Last modified: 2010-05-15 14:35:57 UTC
http://en.wikipedia.org/wiki/Image:Harvard_shield.png displays the image at full size (1200 x 1398), regardless of user preferences on size or whether one is logged in or not. The "Download high resolution version" link appears, even though the image is being displayed at full size.
URLs of images that have this probelm: http://de.wikipedia.org/wiki/Bild:TEST.png http://commons.wikimedia.org/wiki/Image:The_german_language_since_1945.PNG the strange thing is that thumbnails of those images work correctly. So, what is the problem here? Maybe the software does not detect that the image *should* be scaled. but in that case, the "high resultion" link would not appear, right?
Something else: it appears that the software indeed does not try to scale the image, or it fails trying: The URL of the supposedly scaled image is the same as the URL of the "original" version. I.e. no temporary/cached scaled version of the files is created/used.

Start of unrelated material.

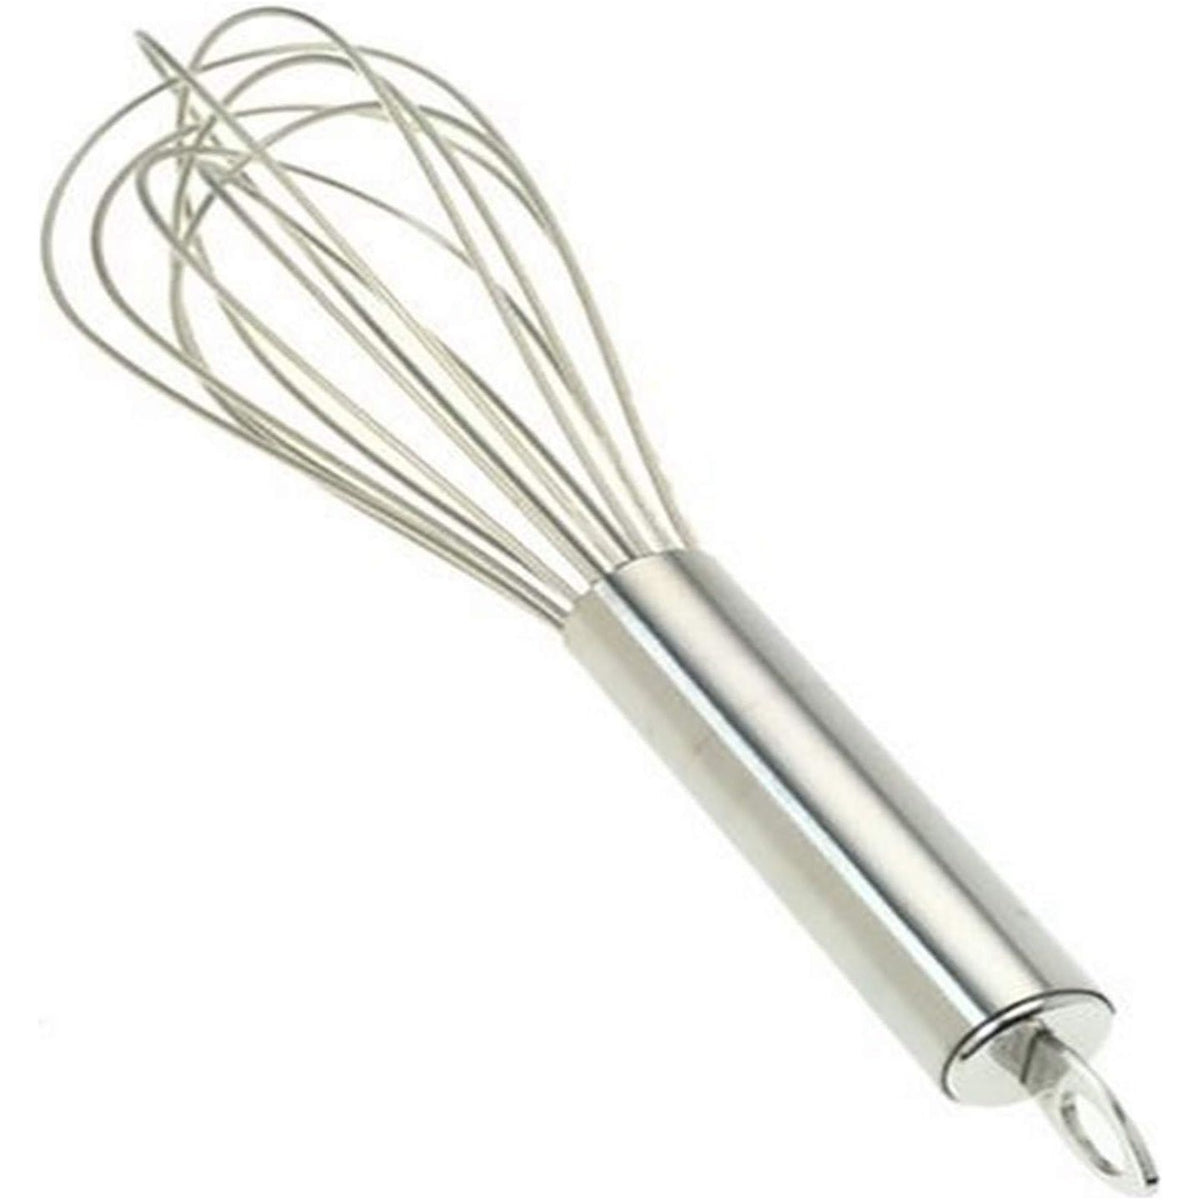 Tovolo 10 Sauce Whisk

JeLuF told me this happens when an image gets bigger (in bytes) when scaled down. This is the case for images that have a low color-depth (like 4 or 8 bit), which are rendered in 24 bit depth when scaling (because auf antialiasing), creating a file bigger than the original. In this case the software does not use the scaled image, because it would be against the original purpose of this feature, namely to preserve bandwidth. However, as this feature is also very useful to allow large images to be seen "at once" even if the original is bigger than the users screnn, and this is percived as the main advantage by many users, this is confusing. Also, as images with a low color-depth are not very frequent, i would argue that enabling scaling even in cases where the scaled file is bigger than the original would profit the users and wouldn't hurt too much bandwidth-wise.

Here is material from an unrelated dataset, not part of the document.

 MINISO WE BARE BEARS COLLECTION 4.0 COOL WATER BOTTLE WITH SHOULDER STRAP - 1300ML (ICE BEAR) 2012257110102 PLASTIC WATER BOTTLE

Even if the behavior is left as-is, it needs to be better documented so it doesn't confuse anyone else in the future.
This bug was introduced by an attempted solution to bug 1218. I suggest two things: * Always resize images. * Use ImageMagick's "identify" to count the colors in an image (possibly only if the input image was indexed or grayscale); if it's 256 or less, convert the PNG to an indexed PNG (losslessly). The first cures the user hassle; the second will probably avoid most of the cases where the image actually gets bigger (the original motivation for the unresized images).
The behaviour for image resize has been changed in HEAD (and note that this is a change of behaviour, not a bug as such.)
Changed the summary to reflect the issue.